If you are stumped or overwhelmed by the choices of salmon at your local fish market, you might want to give sockeye a try. You won’t be disappointed.

Try sockeye cubed into a refreshing salmon poke bowl, grilled sockeye salmon burgers with rhubarb chutney, or sockeye salmon citrus veggie skewers with herbed yogurt dipping sauce.

Find more recipes, cooking tips, and information about the fishermen of Bristol Bay at BristolBaySockeye.org.

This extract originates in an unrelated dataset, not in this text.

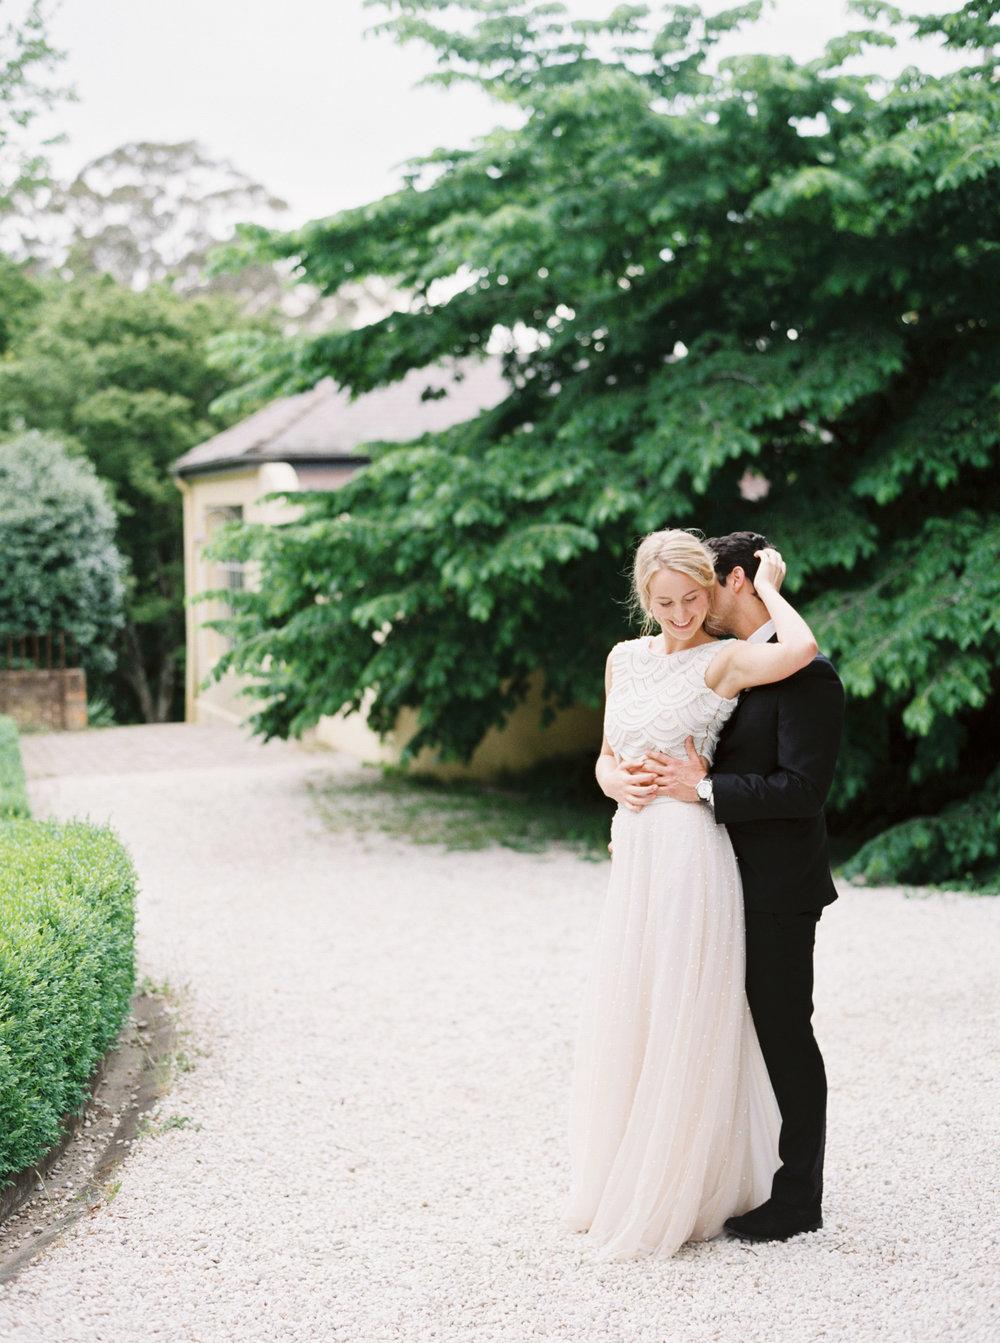 Timeless Southern Highland Wedding Elopement in Bowral NSW Fine Art Film Photographer Sheri McMahon-37.jpg

Bristol Bay Sockeye Salmon Quinoa Taco Bowls. Photo: Recipe courtesy of Bristol Bay Sockeye Salmon

Bristol Bay Sockeye Salmon Fish Taco Quinoa Bowls with Mango Salsa & Black Beans

Makes 3 to 4 servings

  • For the mango salsa:
  • 1 large ripe mango, cubed
  • 1/2 cup red onion, diced
  • 2 tablespoons jalapeno, minced
  • 1/2 cup cilantro, finely chopped
  • 1 lime, juiced
  • Salt
  • For the lime crema:
  • 1/2 cup sour cream
  • 1/4 cup milk, for thinning
  • 1 lime, juiced
  • 3/4 teaspoon garlic powder
  • Salt to taste
  • For the salmon:
  • 1 pound sockeye salmon, pin bones and skin removed, cut into four fillets
  • Salt and pepper
  • 2 tablespoons avocado oil for the pan
  • 1 teaspoon chili powder
  • 1 teaspoon cumin
  • 1 teaspoon sugar
  • For the bowls:
  • 1 cup quinoa, steamed
  • 2 cups black beans, heated through
  • 2 cups cabbage, shredded
  • 1 avocado, sliced
  • 1 lime, cut into wedges

For the mango salsa:

In a medium bowl, add the mango, red onion, jalapeño, and cilantro. Squeeze lime juice over top, season with salt, and stir to combine. Cover and refrigerate until ready to serve.

For the lime crema:

In a small bowl, whisk together the sour cream, milk, lime juice, and garlic powder until smooth and combined. More milk (up to ¼ cup) can be added as needed to thin the mixture so that it is pourable consistency. Season generously with salt. Cover and refrigerate until ready to serve.

For the salmon:

Heat a heavy-bottomed skillet to medium-high heat. Add the avocado oil to the pan. Pat each fillet dry and season each with salt and pepper. In a small bowl, stir together the chili powder, cumin, and sugar. Sprinkle the seasoning mixture over each fillet to coat, patting the seasoning down so that it adheres to the fish. Sear the salmon fillets in the hot pan, about 2-3 minutes per side for medium (cooking times will vary depending on the thickness of your fillets), being careful not to overcook.

To assemble the bowls:

In each bowl, layer the ingredients beginning with a base of quinoa, followed by black beans, then cabbage. Top the cabbage with the salmon fillet. Top the salmon fillet with a generous portion of mango salsa. Drizzle the entire bowl with lime crema. Serve with avocado slices and lime wedges and your favorite hot sauce on the side.